Уезжая в очередную экспедицию, он решил привезти лайку:

— Не какую-нибудь городскую цуньку, а настоящую, сибирскую, зверовую. В наших местах медведи каждый вечер на овсы выходят, а не подкараулить. Помнишь, сколько ночей зря? Ты здесь, а он там, в ста метрах. Слышно, как возится в овсе, а не видно — ночь темная. А тут на зорьке пройдем край овсяного, медвежатник след примет и пошел… мы за ним. Остановит, мы с двух сторон на лай, он мишку за гачи цоп, мы ближе, он его еще раз за гачи, мы ближе. Стук! Лежит медведик. Печенку будем жарить…

Осенью я услышал знакомый условный звонок, открыл дверь и впустил густую рыжую бороду, ее хозяина, чемодан, заплечный мешок и крупную лайку волчьего окраса.

— Вот, — сказала борода бодрым голосом брата. — Как она тебе?

— Борода? Отвратительно.

— Серость! Я же тебя о собаке спрашиваю, о Дымке.

— Иди в комнаты. Лаечка вроде ничего. Бельчатница или по птице?

— Белка на Камчатке только-только появилась, не охотятся с собакой. Глухарь каменный, тетрас парвирострис камчатикус, собаку держит плохо. Дымка работает по горным баранам, замечательно работает. Только по ним и идет. Хозяин денег не брал, пришлось тройник отдать и две банки черного пороха.

— Юрочка! Можешь мне поверить, за последние двадцать пять лет жизни я ни разу не встречал здесь горных баранов, ни разу.

— Ограниченный ты человек, понимаешь, она зве-ро-ва-я… По медведю только притравить, покажем — и все. Стук! Лежит, готов медведик!.. Жарим печенку. На собаку лучше взгляни. Дымка! Дымушка… Хороша?

В час подъема солнца мы подошли к Долгому Мху, за ним на возвышенности луга и нивы. Овсяное поле языками спускалось до самого мха. Тут-то из кромки и любили выходить на овсы медведи. Мы не раз находили их тропы и кучи помета.

Иней так густо посеребрил мох, что казалось — это не иней, а пороша, ослепительная — глазам больно, воздух пьянил свежестью, запахом багульника и раздавленной клюквы. «Ого-о-о-о-о!» — неустанно и яро гремел на болоте косач.

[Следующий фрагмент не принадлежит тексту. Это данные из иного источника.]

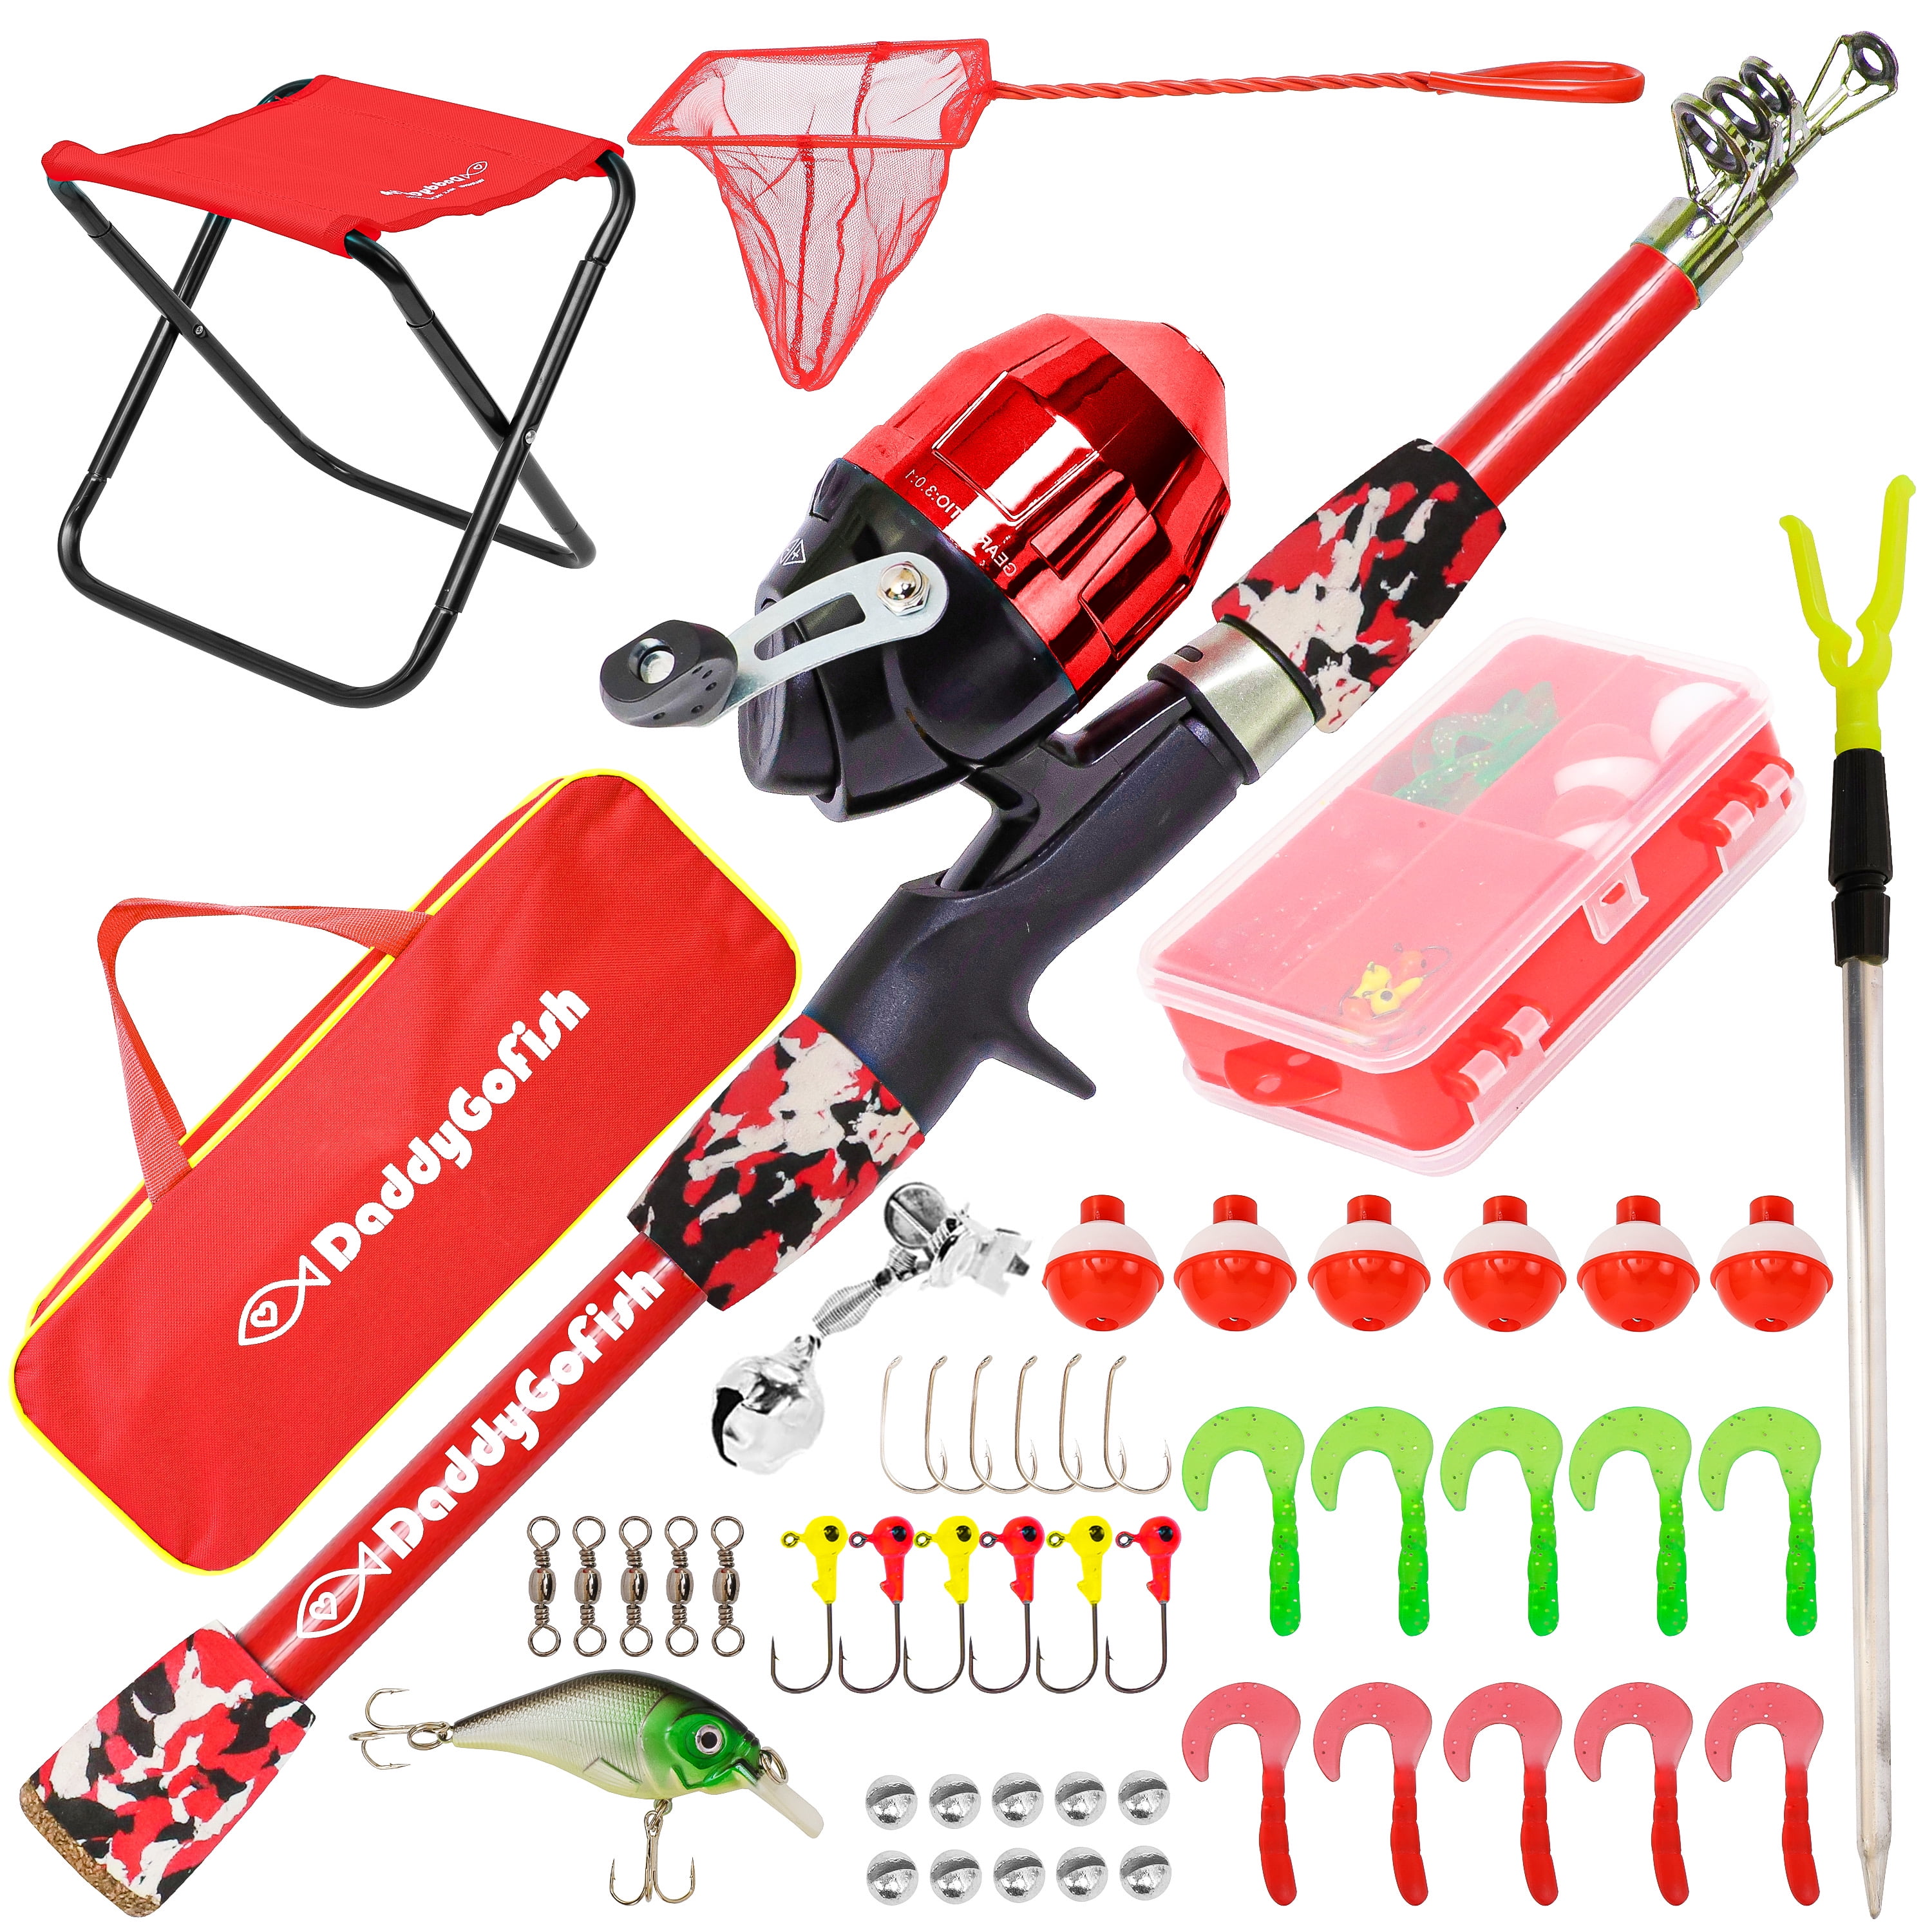 Kids Fishing Pole and Tackle Box - with Net, Travel Bag, Reel and Beginner's

Дымка пошла легким галопом, резко перепрыгивая через ветровал. Я любовался собакой. Волк и волк — серая, пушистая, хвост, как у всех восточных лаек, не бубликом, а распущен, глаза раскосые, звериные, колодка не такая сбитая, как у западных лаек, поэтому ход плавнее, не подпрыгивающий.

С клюквы поднялся глухарь. Он пролетел мимо нас, сверкнув зеленой шеей и снежно-белым пятном подкрылья. Дымка молча вихрем мчалась позади. Глухарь сел в конце мшарины на корявую сосну, злобно распушился и скиркнул. Дымка подскочила и залаяла глухим низким голосом, похожим на вой. Подходить было бесполезно — мошник сидел на вершине одинокого дерева среди открытого болота. Только мы двинулись, глухарь с шумом порвался и потянул дальше. Собака бросилась за ним.

Мы пересекли мох и вошли в черноольховую крому. Подпорная вода была здесь выше колена. Пробирались к полю, хватаясь за стволы деревьев, перескакивая с кочки на кочку. Громкий плеск — к полю карьером промчалась Дымка.

— Что-то учуяла или услышала, — сказал брат. — Видел, как бросилась?

Я не успел ответить. Впереди на бугре раздался страшный крик, затем топот, возня… Бежим, не разбирая дороги, черпая за голенища.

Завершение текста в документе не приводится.